Ici s'ouvre une nouvelle catégorie de ces belges moins connus mais qui méritent une reconnaissance pour ce qu'ils ont fait soit de génial, de saugrenu ou de farfelu.

verbiestFerdinand Verbiest (Pitthem 1623 — Pékin, Chine 1688) est le quatrième enfant de Joos Verbiest, bailli et percepteur de Pittem. Après ses études secondaires chez les Jésuites à Bruges et Courtrai, il entre au Collège du Lys à Louvain pour étudier la philosophie et les mathématiques. Novice, il rêve de participer aux missions espagnoles comme missionnaire. Après une formation en astronomie et en théologie à Rome, il est autorisé à partir en 1659, non pas pour l’Amérique centrale mais bien pour l’Extrême-Orient, où l’Eglise catholique romaine mène des missions d’évangélisation en compensation des fidèles qu’elle perd en Europe face à la montée du protestantisme.
Sa mission en Chine mène Ferdinand Verbiest d'abord en prison durant six ans. Il est ensuite, à la majorité de l'empereur Kangxi, nommé président du bureau impérial des mathématiques après que son titulaire Yang Guangxian eut commis des erreurs et eut été exilé.
Astronome à la cour impériale, il compare le calendrier lunaire oriental au calendrier solaire occidental et les décrit dans son livre "Astronomia Europea". Il élabore des calendriers et des tableaux d’éphémérides, construit des instruments d’astrologie extrêmement précis et un observatoire. Il veut démontrer l’avance de la science occidentale comme moyen détourné de promouvoir la religion de l’Occident. À cet effet, il construit un globe terrestre, des cadrans solaires, des clepsydres, un thermomètre, une chambre noire et des pompes hydrauliques contre les inondations. C'est à lui que l'on doit les instruments en bronze de l'observatoire de Pékin. Une planche gravée montre cet observatoire dans l' "Astronomia Europae sub imperator Tartaro Sinico Cam Hy appellato" (1687, petit in-4°). Cette première édition dont Verbiest est l'auteur est la seule européenne.

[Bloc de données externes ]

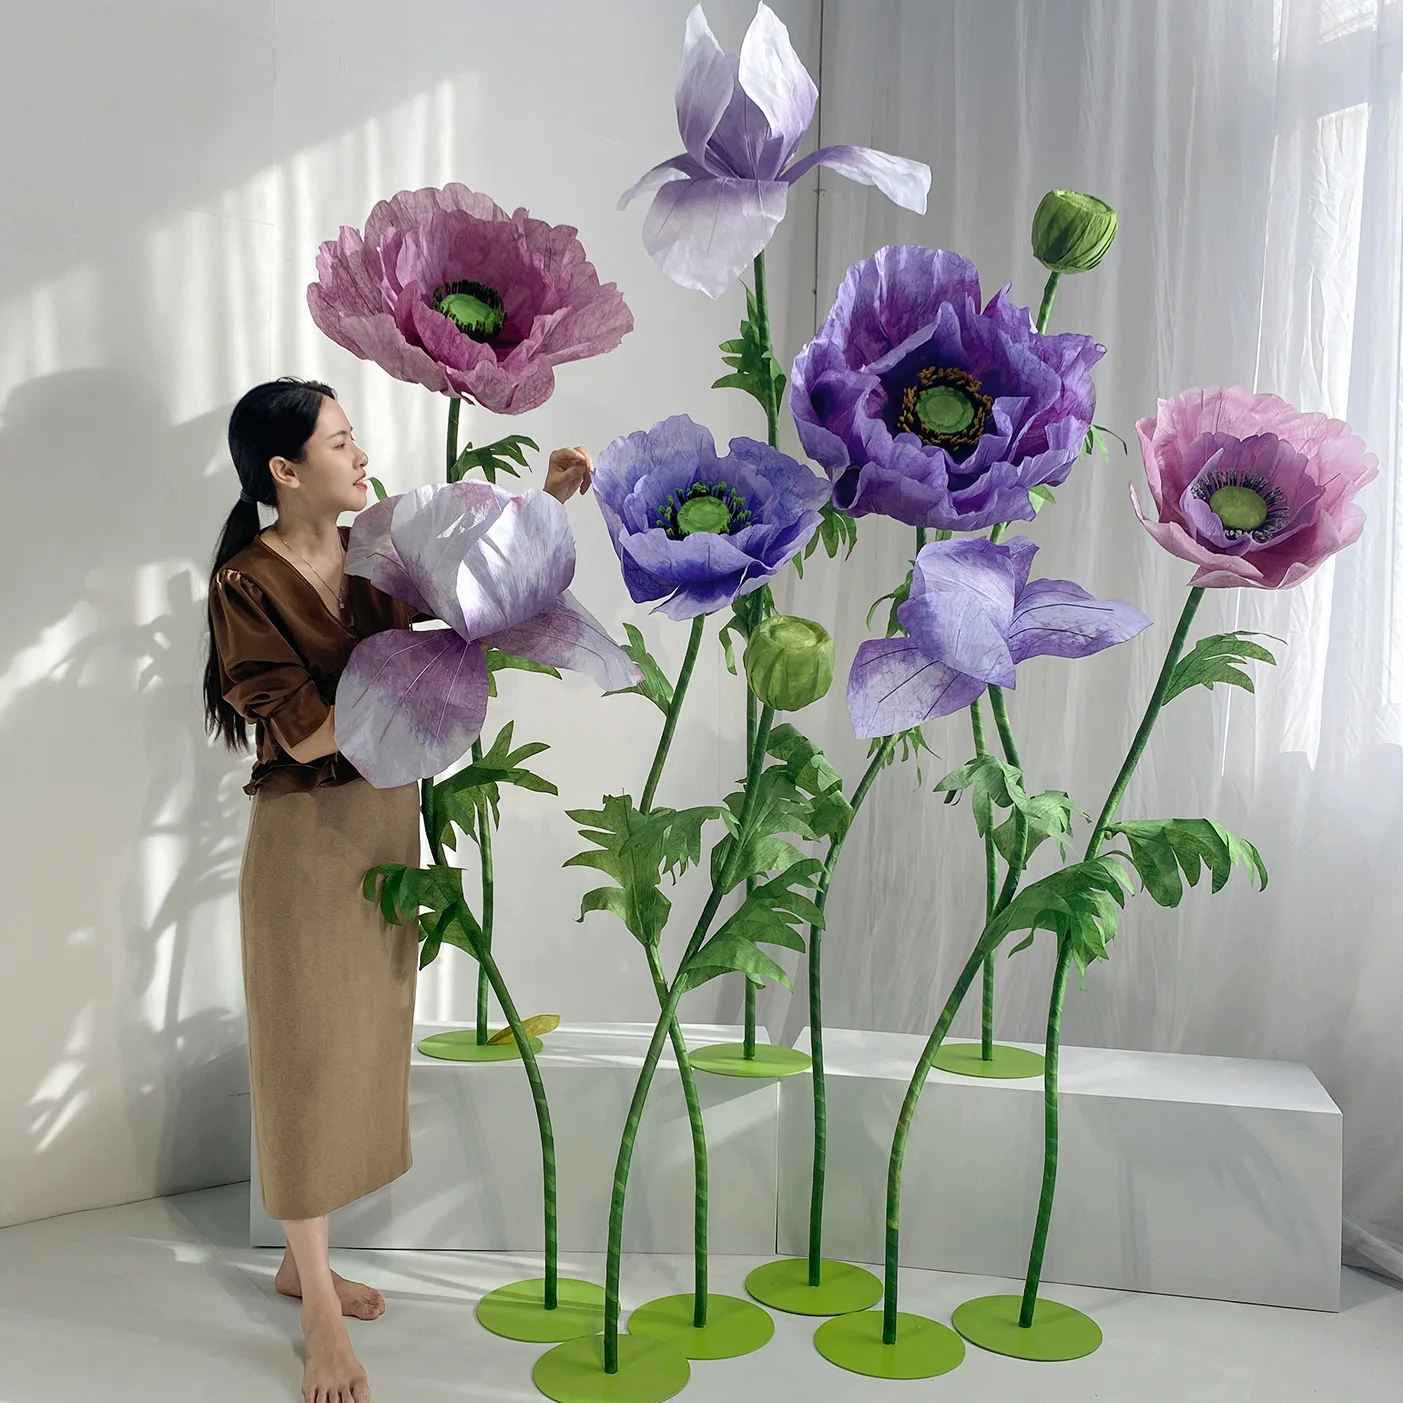 How to Make Giant Colorful Paper Flowers — Live Colorful

Il fabrique même un lointain précurseur de l’automobile en montant une bouilloire sur un petit four et en l’équipant d’une roue à aubes, d’engrenages et de roues. Il fait rouler cette "voiturette à vapeur" pendant une heure dans les couloirs du palais. Mais la découverte de celui-ci en restera là : on la considérait comme un très beau jouet, sans y attacher plus d’importance.

Le prêtre-missionnaire de Pittem acquiert ainsi un grand prestige à la Cour chinoise. Il est admis comme précepteur du mandarin, comme diplomate et cartographe. Il fait également office d’interprète vu ses connaissances du latin, de l’allemand, du néerlandais, du français, de l’espagnol, de l’italien du chinois et du tatar. Il sert même un temps de médiateur diplomatique pendant des négociations avec la Russie. En effet, les jésuites étaient à la recherche d’une liaison rapide entre Rome et Pékin via Moscou en guise d’alternative à la longue et dangereuse voie maritime par le Cap de Bonne-Espérance.